Musica
La musica bisestile. Giorno 235. Roberto Vecchioni
Michelangelo Romano rivisita le più belle canzoni di Vecchioni perché siano pronte ad affrontare l’eternità
IL GRANDE SOGNO
Paola Parenti aveva sempre con sé una foto in cui lei abbracciava Roberto Vecchioni. Lei, che è da anni la compagna di Matteo Agostinelli, fondatore degli Yuppie Flu, ed amante della musica prog internazionale, aveva (anche lei) questa debolezza per questo professore di liceo di latino e greco, che scrive generalmente canzoni monotone, dal testo pesante e dalle poche armonie, e che pure, nella sua sterminata produzione, ha creato cammei stupendi come “Luci spente a San Siro”, che resta una delle più belle canzoni mai scritte in lingua italiana.
È un fenomeno inesplicabile: ha fatto decine di brani tutti uguali, difficilmente digeribili, e poi, ogni tanto, pluff: un capolavoro. Non tanto musicalmente, che resta un chitarrista mediocre ed un compositore abbastanza limitato, ma dal punto di vista testuale. “Dentro gli occhi” è una canzone straziante sui figli che crescono e noi che invecchiamo, “Canzone per Sergio” (suo fratello, notaio) una riflessione struggente sui nostri privati Anni di Piombo, e poi diverse canzoni d’amore, spesso dedicate all’amore di una vita, Daria Colombo, che è arrivata nel momento della svolta, alla fine degli anni 70, quando lui, professore da anni, scrittore di brani di scarso successo per artisti pop come i Nuovi Angeli, Anna Oxa e Michele, indovina “Samarcanda” e, con l’aiuto di Angelo Branduardi, piazza una canzone ed un album in testa a tutte le classifiche.
Daria, che è una scrittrice affermata, lo aiuta anche nei testi, che diventano più precisi e meno ridondanti, e col passare faticoso degli anni (Vecchioni ha una salute cagionevole e deve superare tutta una serie di malattie, compreso un tumore al rene, che lo stremano per lunghi periodi) questa coppia stupenda è divenuta il simbolo di cosa possa essere una storia d’amore vera tra due artisti veri, senza pugnalate e senza soffocamenti reciproci.
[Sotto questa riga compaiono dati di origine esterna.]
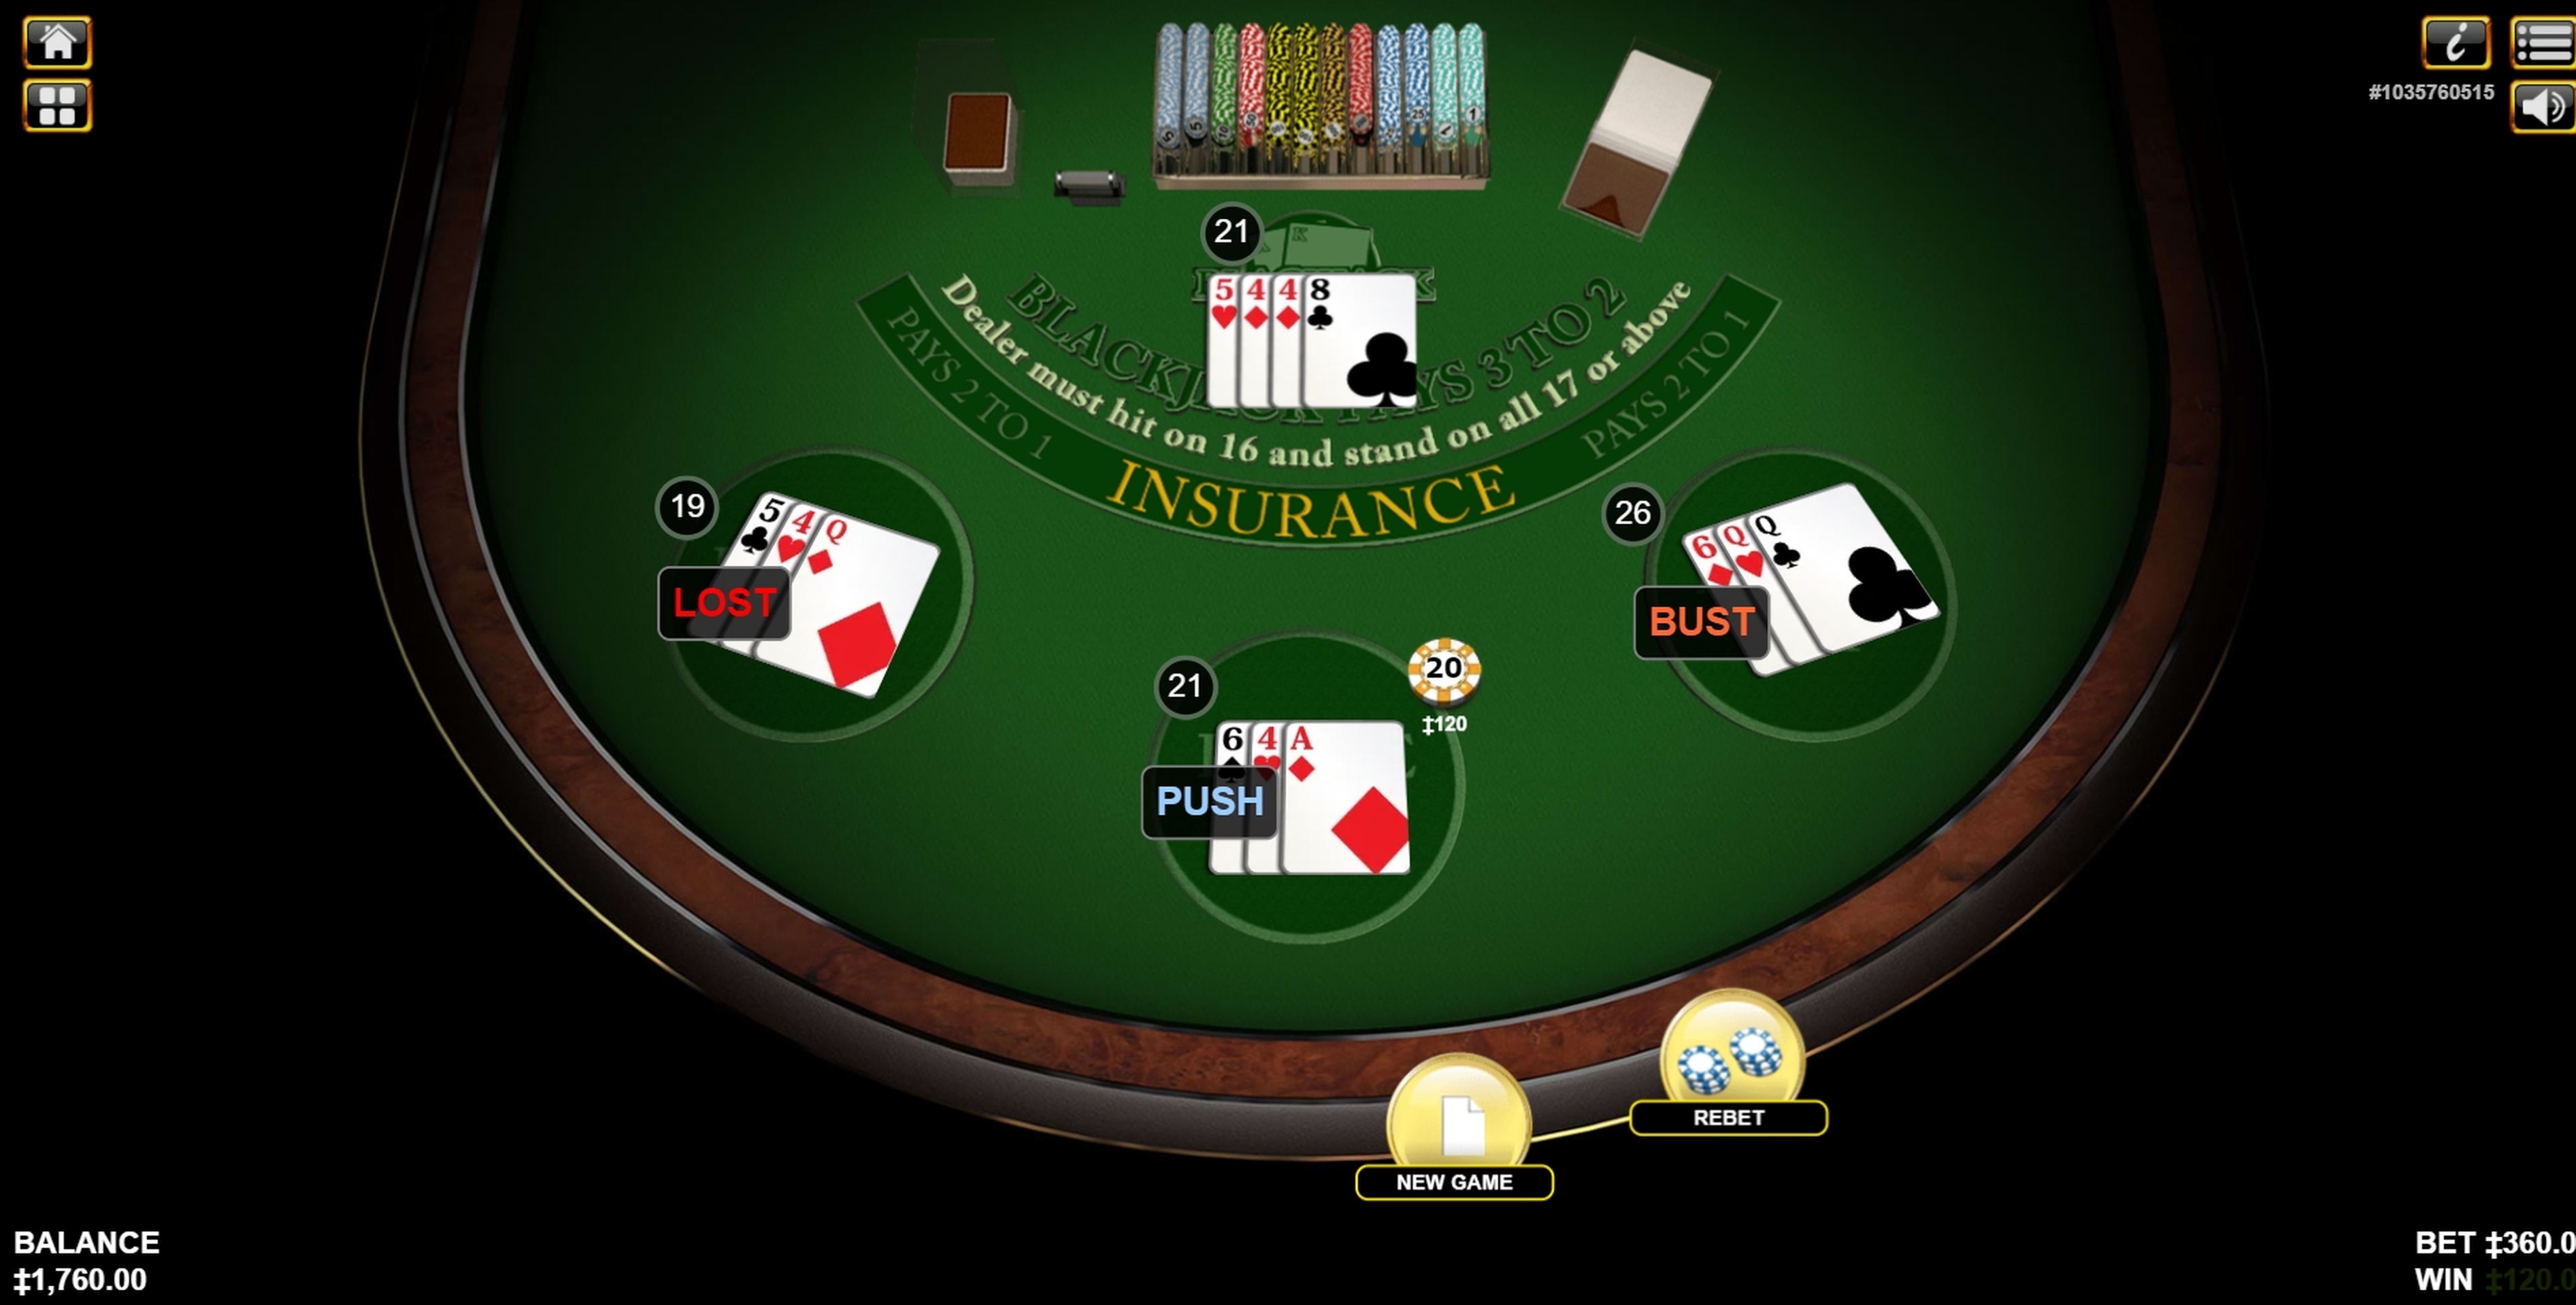 Win Money in Blackjack 3 Hand Free Slot Game by Habanero

Vecchioni ha ripetuto più volte che, sia per lui che per il suo amico Francesco Guccini, aver continuato ad insegnare è stato fondamentale per non perdere il contatto con la realtà e per investire la propria immensa energia in qualcosa di utile, di bello, di divertente e di proficuo, senza che il proprio ego in ebollizione portasse a danneggiare i principali rapporti umani.
Sicché Vecchioni è uno amato e rispettato da tutti, che continua a vincere premi della critica, anche se gli ultimi vent’anni sono stati, dal punto di vista della produzione, superflui, e la canzone con cui ha vinto Sanremo, “Chiamami ancora amore”, parte della tediosa produzione malinconica, armonicamente scarsa, che ha contraddistinto gran parte della sua produzione. Ho scelto “Il grande sogno”, perché in questo disco il suo produttore, Michelangelo Romano, è riuscito ad aggiungere molto melodicamente, ma senza snaturare nulla, e ci sono diverse delle perle di questo cantautore milanese, comprese le “Lettere da Marsala”, scritte quando un magistrato che voleva diventare famoso lo mise in guardia per alcune settimane a Marsala per spaccio di stupefacenti, perché, negli anni del liceo, in un festival, aveva diviso il fumo con un ragazzo locale conosciuto durante un concerto. Ma il Vecchioni maestro è stato anche questo: un mariuolo, figlio di napoletani allegri, che ha insegnato la leggerezza ed ha badato bene a trovare sempre un angolo di divertimento, lasciando la malinconia per le canzoni.